**YOUR TASK**: Repeat the listing word for word. Leave every picture out.

**RECORDED INFORMATION**:
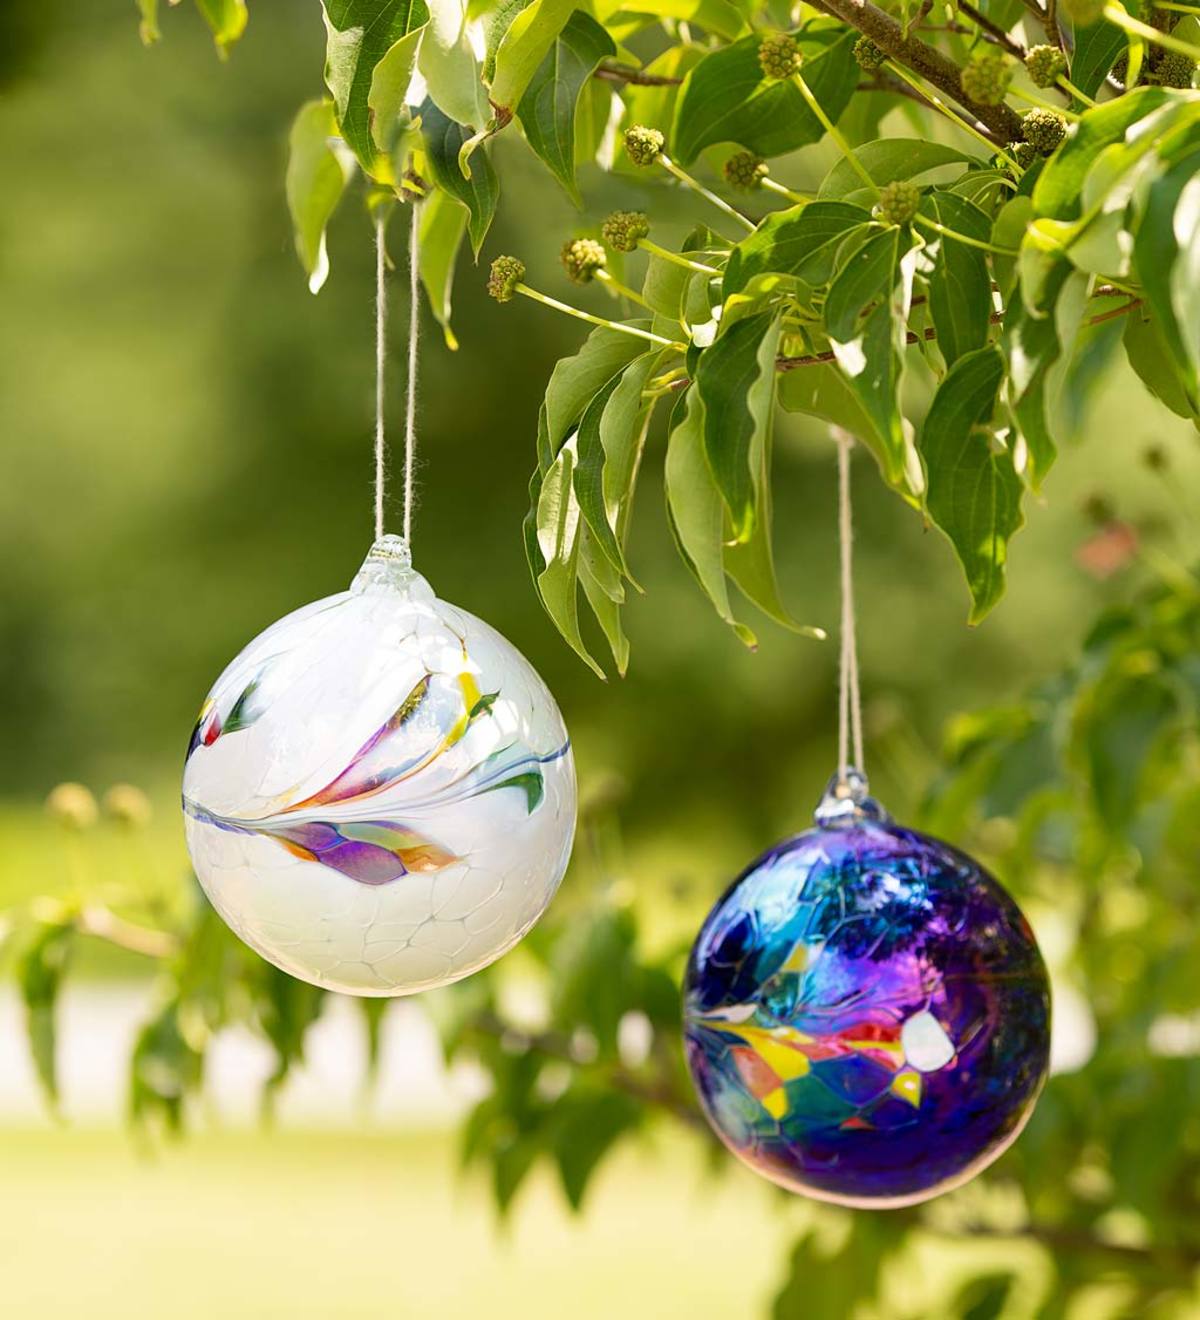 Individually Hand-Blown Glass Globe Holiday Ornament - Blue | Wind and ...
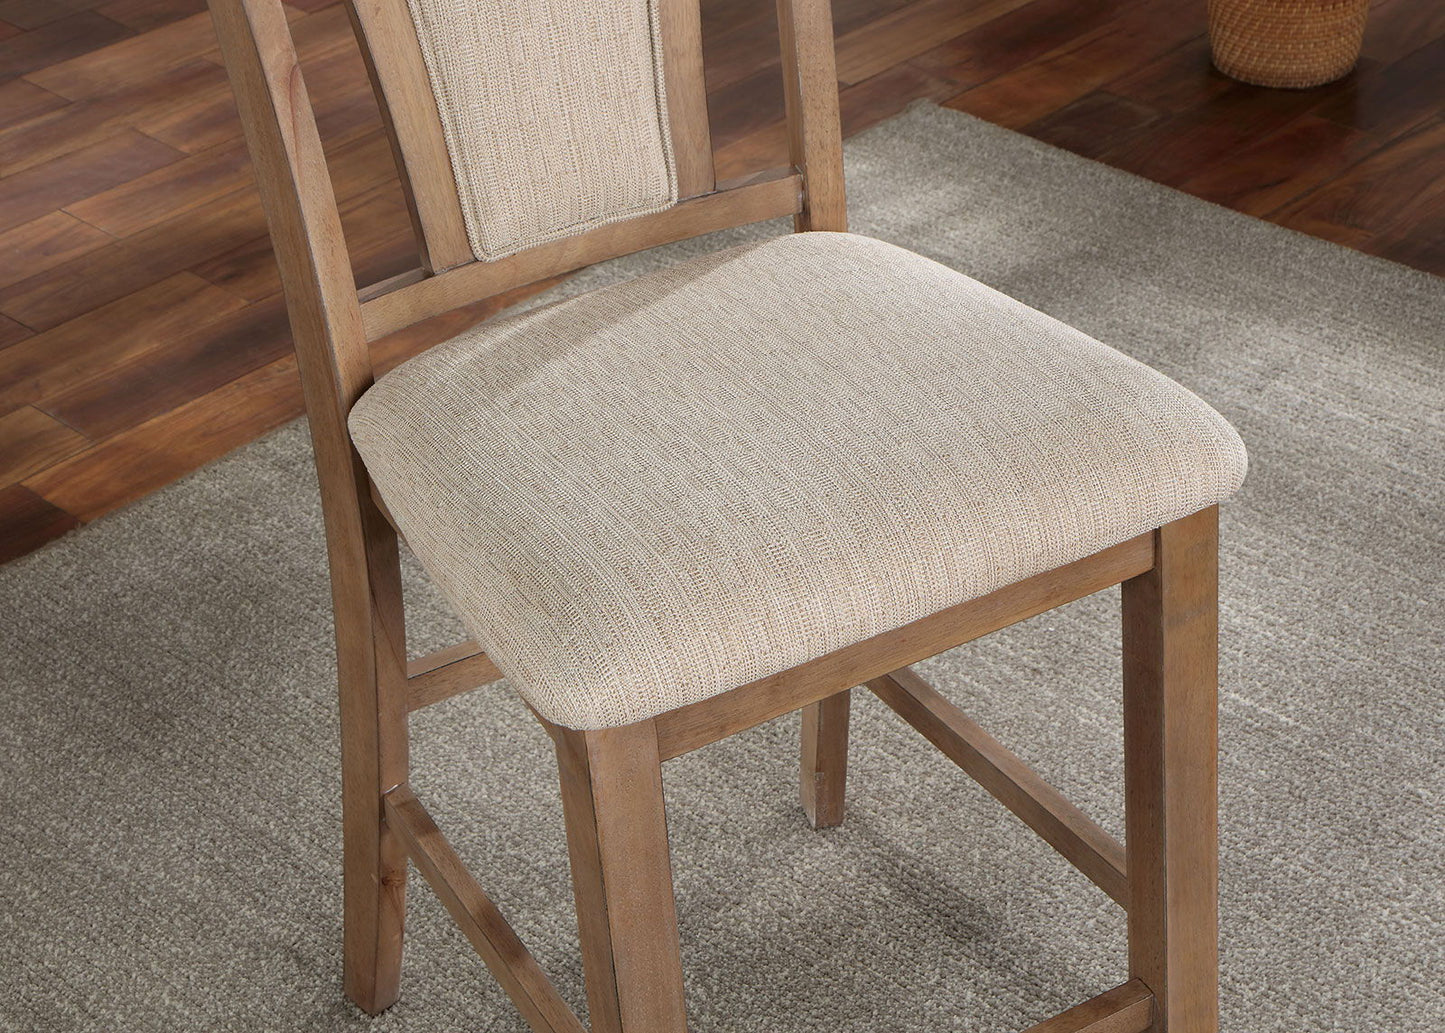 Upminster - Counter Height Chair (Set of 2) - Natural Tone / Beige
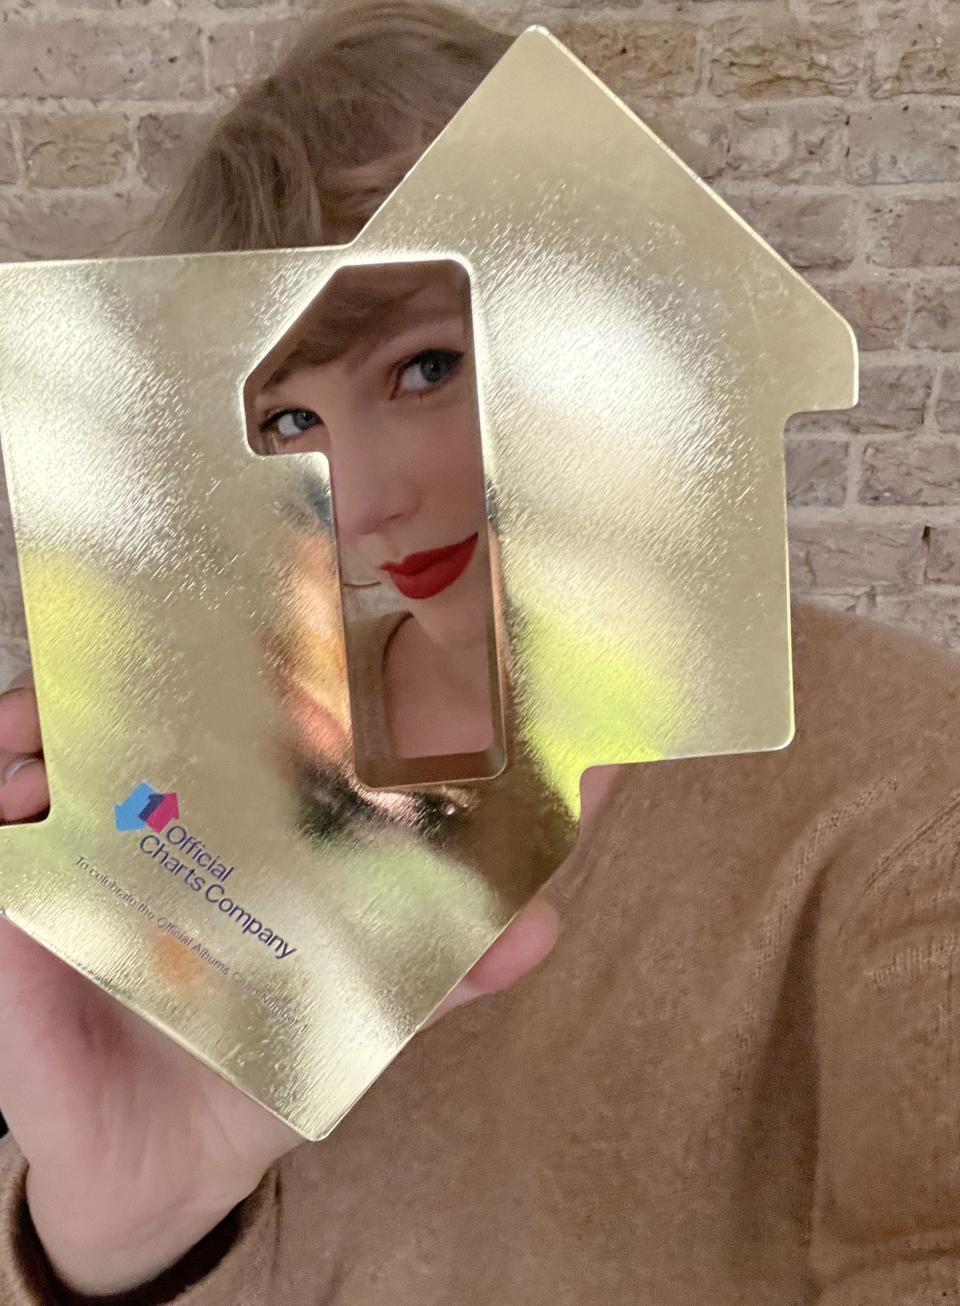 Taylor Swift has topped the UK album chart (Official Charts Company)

**TASK RESPONSE**:
 Individually Hand-Blown Glass Globe Holiday Ornament - Blue | Wind and ...
 Upminster - Counter Height Chair (Set of 2) - Natural Tone / Beige
 Taylor Swift has topped the UK album chart (Official Charts Company)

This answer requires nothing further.